Source data:
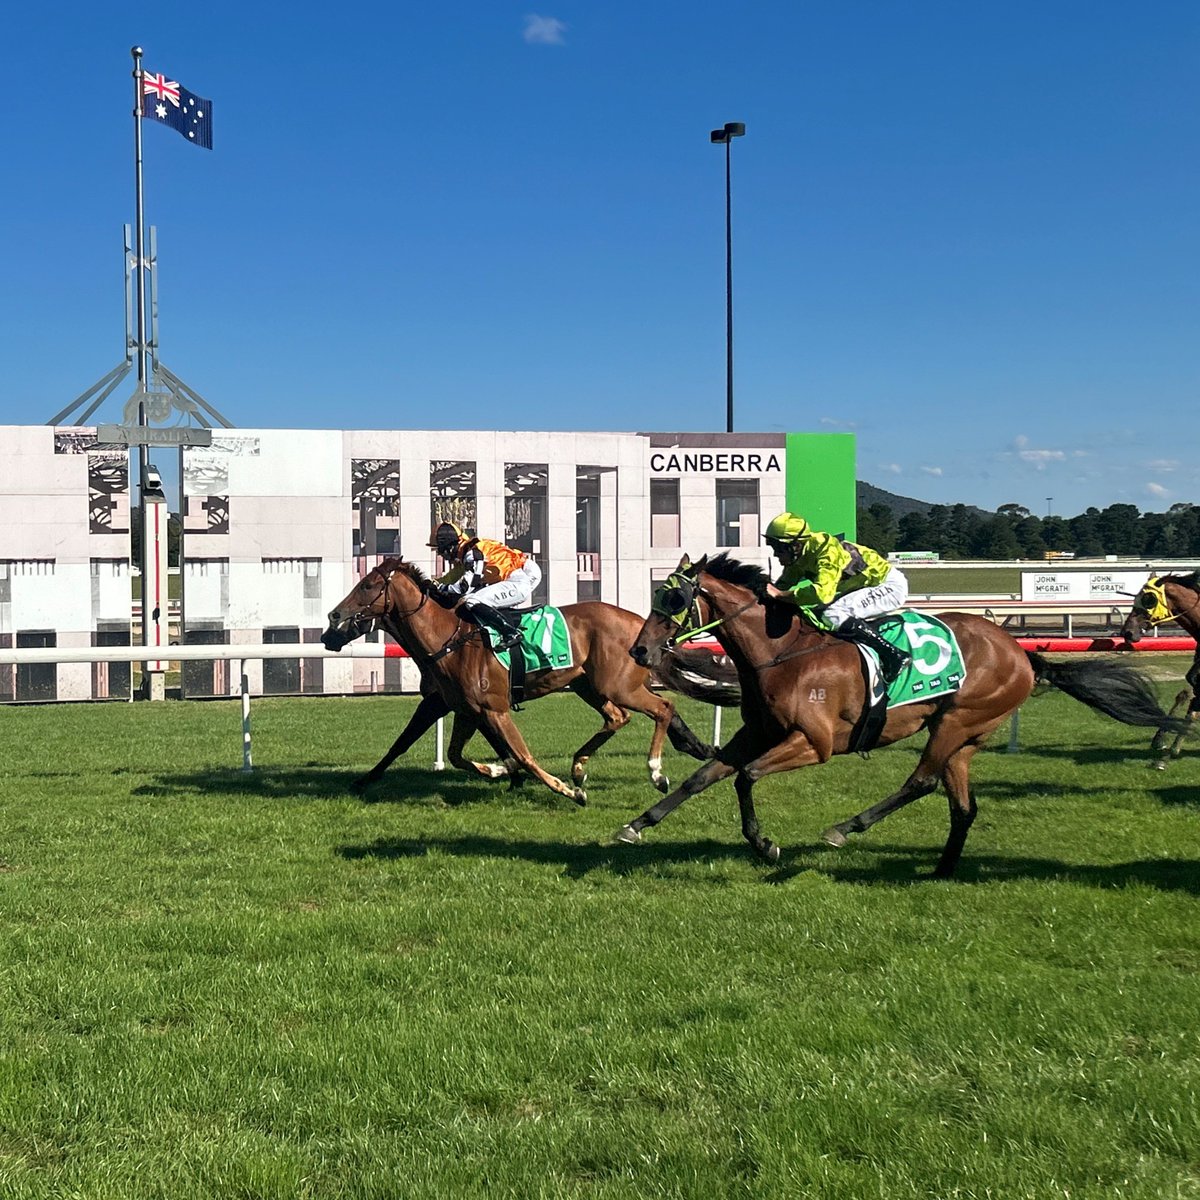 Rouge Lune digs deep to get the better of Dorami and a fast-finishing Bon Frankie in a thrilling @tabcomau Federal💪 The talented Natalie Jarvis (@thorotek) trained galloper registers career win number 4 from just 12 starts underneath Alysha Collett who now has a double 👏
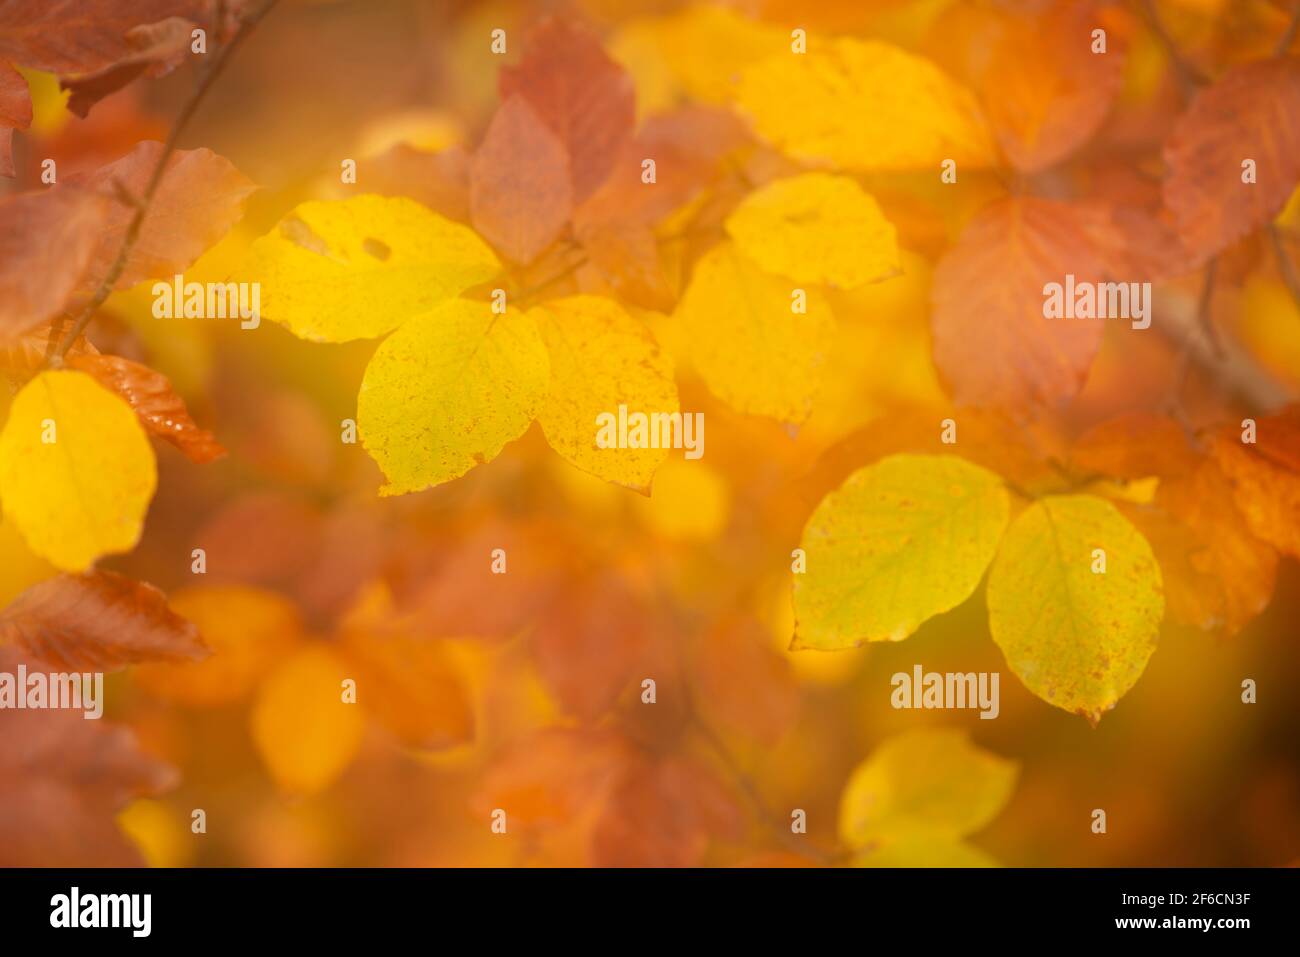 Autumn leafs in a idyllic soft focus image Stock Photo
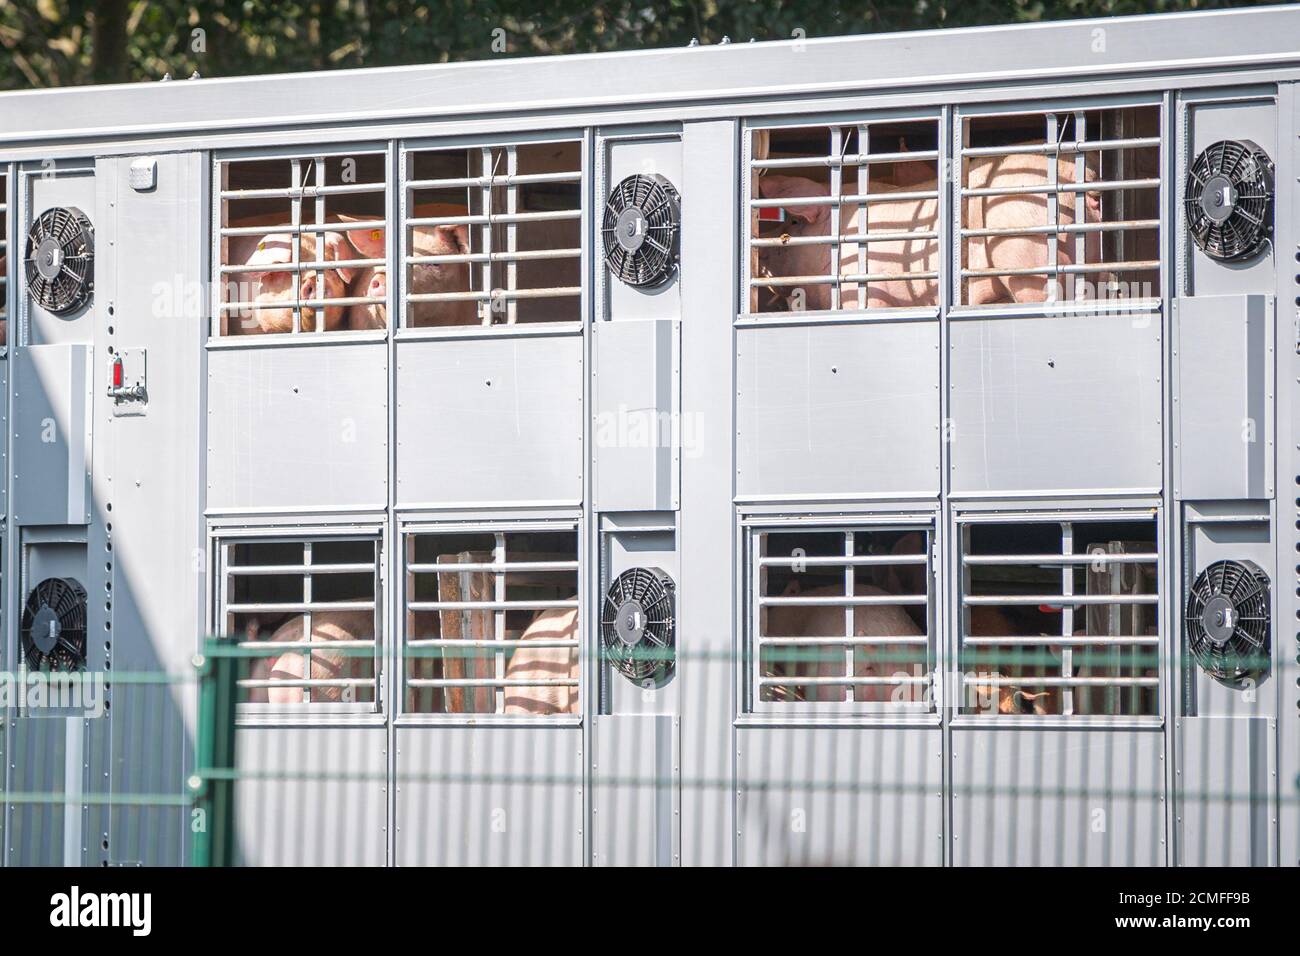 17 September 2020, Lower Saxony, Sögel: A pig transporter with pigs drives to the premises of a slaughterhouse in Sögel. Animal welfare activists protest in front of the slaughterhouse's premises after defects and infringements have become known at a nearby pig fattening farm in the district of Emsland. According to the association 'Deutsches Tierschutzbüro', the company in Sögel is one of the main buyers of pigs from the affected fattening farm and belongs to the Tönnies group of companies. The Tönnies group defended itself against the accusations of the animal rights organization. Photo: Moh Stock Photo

Exercise:
Write out exactly, and only, the lines running from the line with "Autumn leafs in" to the last line above, both included, with all pictures omitted.

Expected output:
 Autumn leafs in a idyllic soft focus image Stock Photo
 17 September 2020, Lower Saxony, Sögel: A pig transporter with pigs drives to the premises of a slaughterhouse in Sögel. Animal welfare activists protest in front of the slaughterhouse's premises after defects and infringements have become known at a nearby pig fattening farm in the district of Emsland. According to the association 'Deutsches Tierschutzbüro', the company in Sögel is one of the main buyers of pigs from the affected fattening farm and belongs to the Tönnies group of companies. The Tönnies group defended itself against the accusations of the animal rights organization. Photo: Moh Stock Photo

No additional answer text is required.